Need help solving this equation (may be factoring)?

Hi, in math class, we were assigned a challenge problem that has to do with finding the volume of a box. My function is:

f(x) = 4x^{3} - 88x^{2} + 480x

I found that the maximum value of this function is 768 (the maximum volume), but I want to know how to solve for `x`. This is what I have:

768 = 4x^{3} - 88x^{2} + 480x

192 = x^{3} - 22x^{2} + 120x

How would I continue to solve for `x`?

Re: Need help solving this equation (may be factoring)?

How did you get your answer of 768? It should actually be about 774 by the way.

Have you learnt about differentiation?

Re: Need help solving this equation (may be factoring)?

Quote:

Originally Posted by

**Flurite** Hi, in math class, we were assigned a challenge problem that has to do with finding the volume of a box. My function is:

f(x) = 4x^{3} - 88x^{2} + 480x

I found that the maximum value of this function is 768 (the maximum volume), but I want to know how to solve for `x`. This is what I have:

768 = 4x^{3} - 88x^{2} + 480x

192 = x^{3} - 22x^{2} + 120x

How would I continue to solve for `x`?

how did you find that the maximum volume is 768?

I get approximately 774.

Re: Need help solving this equation (may be factoring)?
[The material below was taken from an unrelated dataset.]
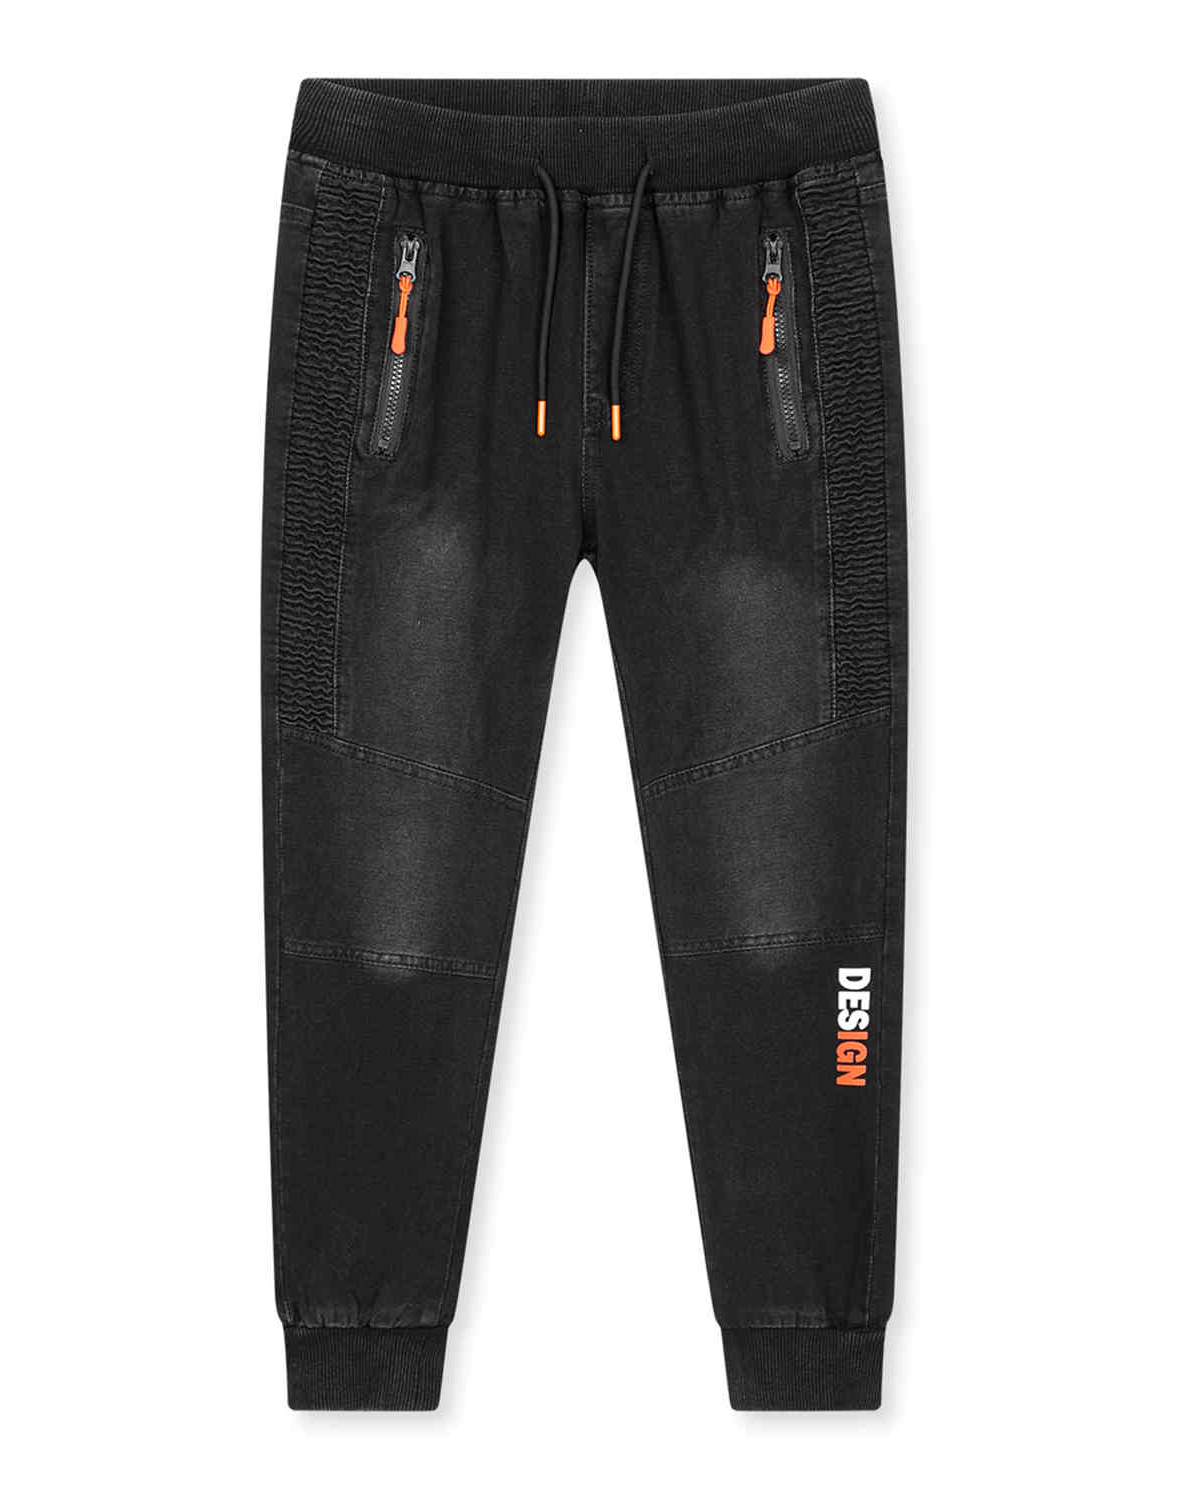 Chlapecké riflové kalhoty / tepláky - KUGO CK0929, černá / oranžová aplikace Barva: Černá, Velikost: 164

I used my graphing calculator, but then I just realized that decimals are involved too. All I need is the `x` value and I can't find that in my table.

Re: Need help solving this equation (may be factoring)?

graph the volume and find the maximum ... it will give you the max volume (y-value) and x-value where that maximum occurs.

Re: Need help solving this equation (may be factoring)?

Found out how to change the maximum and minimum values to shift where the graph is showing. Thanks all!